Un homme qui crie

Réalisé par Mahamat-Saleh Haroun (2010)

Guerre
Un homme qui crie
Durée 91 minutes
Sortie 29/09/2010
Note 6/10

Ancien champion de natation, le vieux Adam ne vit que pour son travail de maître nageur de la piscine d’un hôtel de luxe. Il a réussi à y faire embaucher également son seul fils, Abdel, qui l’assiste dans les tâches quotidiennes autour du bassin. Alors que la guerre civile s’approche de la capitale, les postes à l’hôtel sont réduits au maximum et Adam se retrouve gardien de barrière. Pas assez de cette disgrâce sociale, il est harcelé par le chef de quartier pour contribuer, financièrement ou en donnant son fils, à l’effort de guerre.

La critique

Par Tootpadu 22/09/2010

Le quatrième film du réalisateur tchadien Mahamat-Saleh Haroun, récompensé au dernier festival de Cannes par le Prix du jury, n’a à première vue rien d’un film de guerre. Le sort du vieux maître nageur – un homme digne qui commet l’erreur de croire que l’inaction permet de résister au changement – ressemble plutôt à celui du vieux portier interprété par Emil Jannings dans Le Dernier des hommes de Friedrich Wilhelm Murnau. Son désarroi social suite à sa nouvelle affectation le préoccupe en effet bien plus que les rumeurs de l’insurrection violente et de la guerre qui gronde de loin. Malgré lui, il est rattrapé par les événements, qui le mettent face à l’évidence de la fin de sa vie tant soit peu privilégiée.
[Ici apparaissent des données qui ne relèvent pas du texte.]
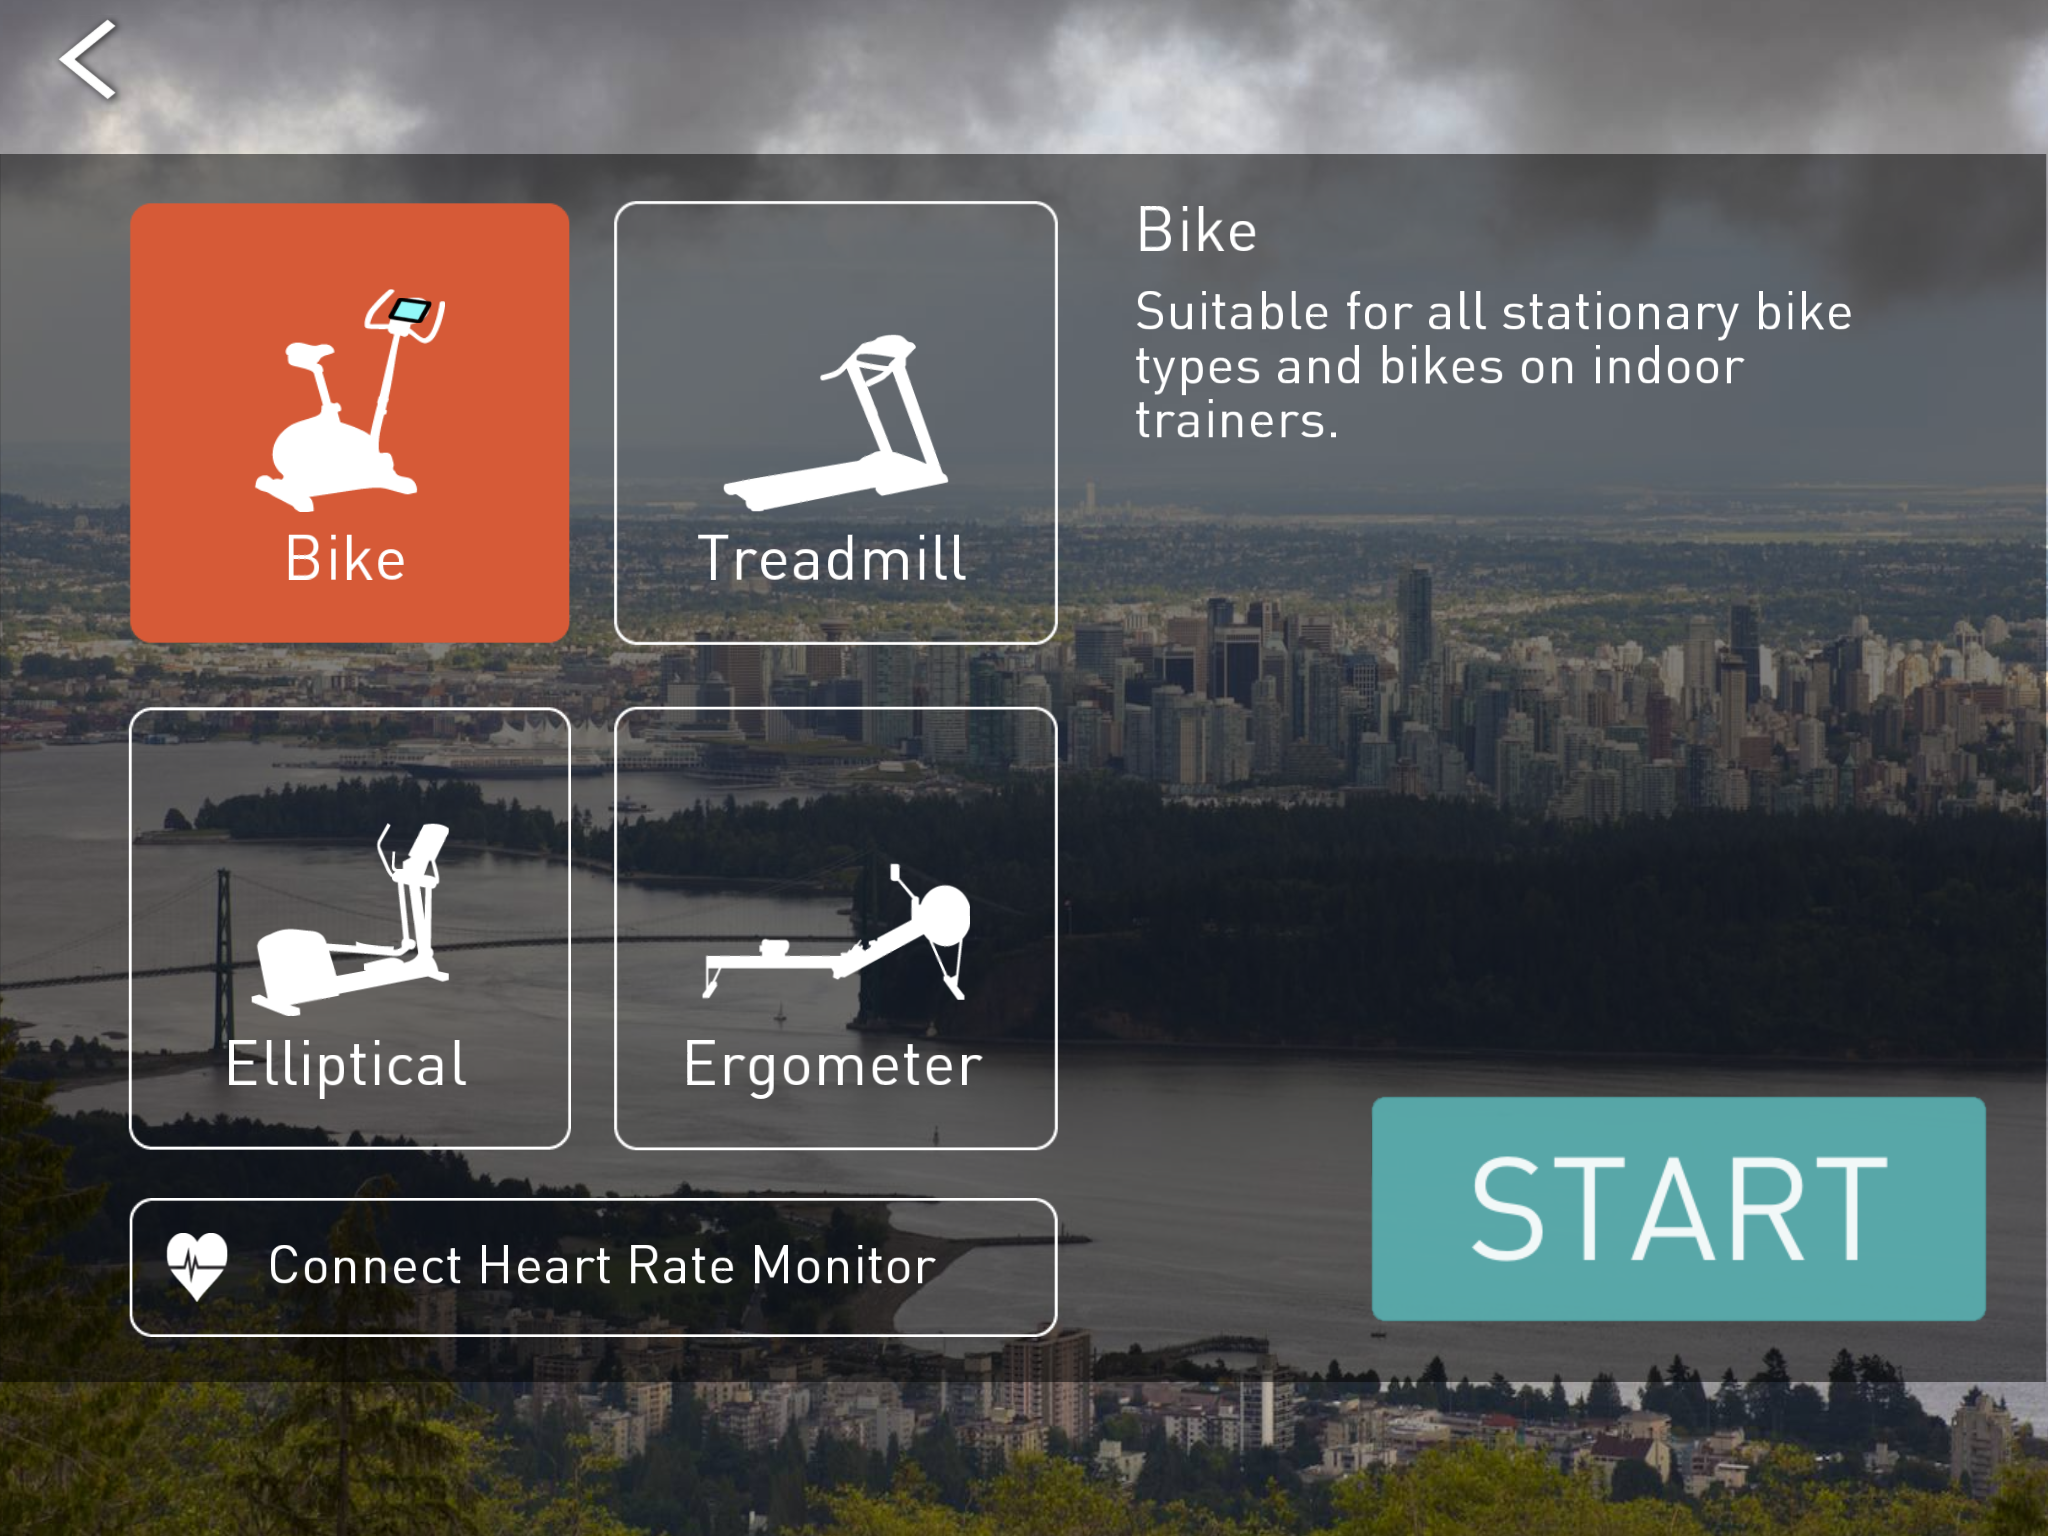 5 Day Stationary Bike Trainer App Android for Beginner

Cette lucidité tardive, il la paie au prix cher, comme pour mieux indiquer qu’en temps de guerre, plus rien ne peut être considéré comme acquis.
La mise en scène donne une apparence fourbe et peu tangible à l’engrenage inévitable de la mort, qui se serre comme un étau autour de l’existence plutôt pépère d’Adam. Volontairement ignorant des signes avant-coureurs de sa défaite sociale et familiale, le personnage principal d’Un homme qui crie est justement incapable d’extérioriser ses peurs et ses frustrations. Le cri du titre, il tourne en rond à l’intérieur de cet homme réservé, qui préfère se reposer sur les lauriers de sa gloire passée, au lieu de prendre activement part au monde qui l’entoure. Le retour de bâton pour cette passivité choisie, par peur de perdre les quelques avantages qui lui permettent de vivre assez confortablement, ne se fait pas attendre. Quand Adam se décide enfin d’agir et de sortir du retranchement de sa piscine chérie où plus personne ne vient se baigner, ce sursaut ultime d’une volonté moribonde ne peut aboutir qu’à un résultat tragique.
La narration calme et mesurée relève sans souci notable le défi de rendre le personnage principal attachant, en dépit de son caractère renfermé et passablement égoïste. Le fait que les pressions qu’il subit de l’extérieur, de la part du chef de quartier, de son fils qui souhaite vivre sa propre vie, et de sa femme qui ne comprend plus rien à ce qui se passe sous son toit, ne le poussent pas à agir, mais au contraire à se retirer encore un peu plus sous la carapace de la tortue humaine qu’il est devenue avec le temps, contraste agréablement avec la philosophie bêtement volontariste qu’un film plus consensuel soutiendrait. Le but d’Un homme qui crie n’est ainsi nullement de raconter une histoire moralisatrice, mais de tenir compte, en toute subtilité et sans se limiter forcément à un contexte exclusivement africain, de la difficulté de s’adapter et de mettre en question ses choix de vie à partir d’un certain âge.